Kishinchand Chellaram was an Indian businessman who operated a global trading network, K. Chellaram & Sons. The firm was founded in 1915, an offshoot of a sindwork trading family in India.

== Life and business ==
Chelleram was born in Madras to the family of Gianchand Chellaram, a Sindhi textile merchant. He and three brothers attended primary school in Hyderabad and were in training to join the family business. At the age of fifteen, Chellaram began working in the family business and was trained in many aspects of the business.

In 1915, he branched out on his own with the establishment of K. Chellaram and Sons in Madras, the firm merchandised silk textiles and a few other wares. A few years later a branch was opened in Yokohama. An expansion westward led to the establishment of an office in Lagos in 1923. The Lagos firm traded in textiles from India and Japan in the 1920 and 1930s competing with European firms. Prior to World War II, the firm established a local office in Sierra Leone.

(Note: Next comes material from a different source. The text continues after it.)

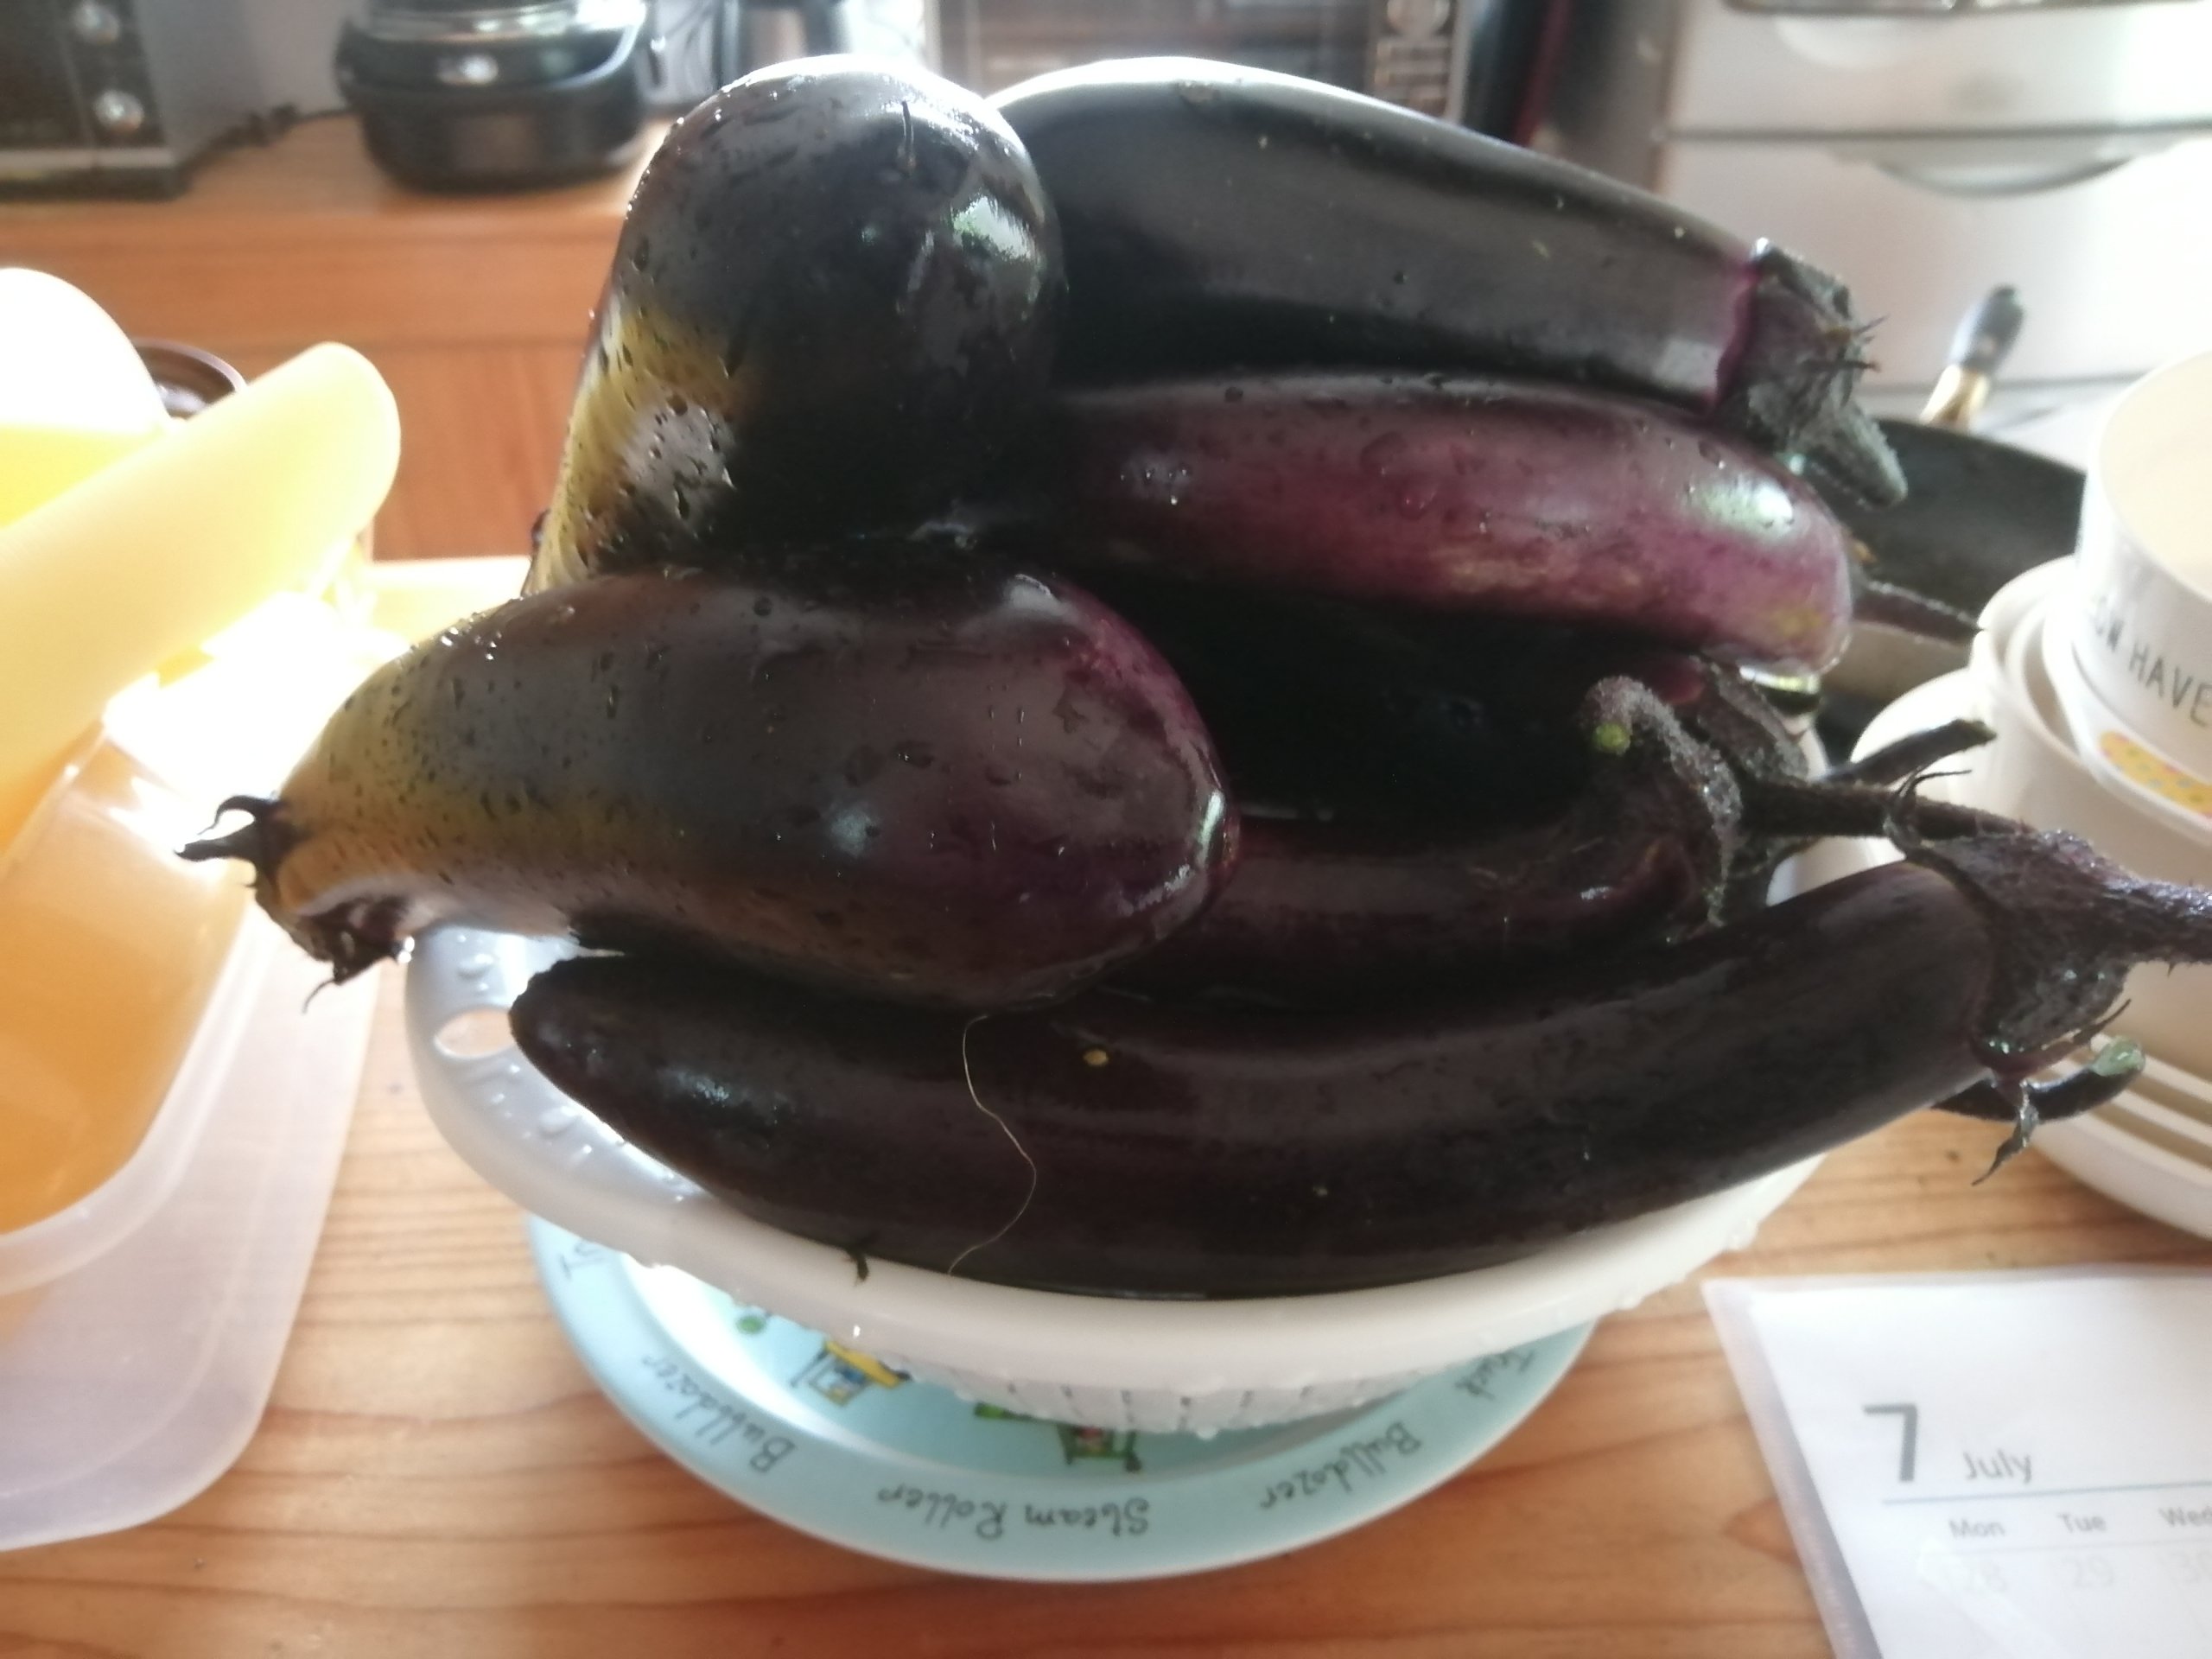 Around 20 eggplants today!

The Chellarams were Hindu from Sindh province in pre-partition India, when the union was split into India and Pakistan, Chellaram sold most of its assets in Sindh and increased his interest in Nigeria.

Chellaram formally registered the business in Nigeria in 1947 and in the 1950s, he established a chain of department stores.

Chellaram owned a house in the high brow area of Ikoyi in colonial Lagos and later retired to a Pedhi in Hyderabad. Before his death, he established an educational trust in India that contributed to the development of Kishinchand Chellaram College.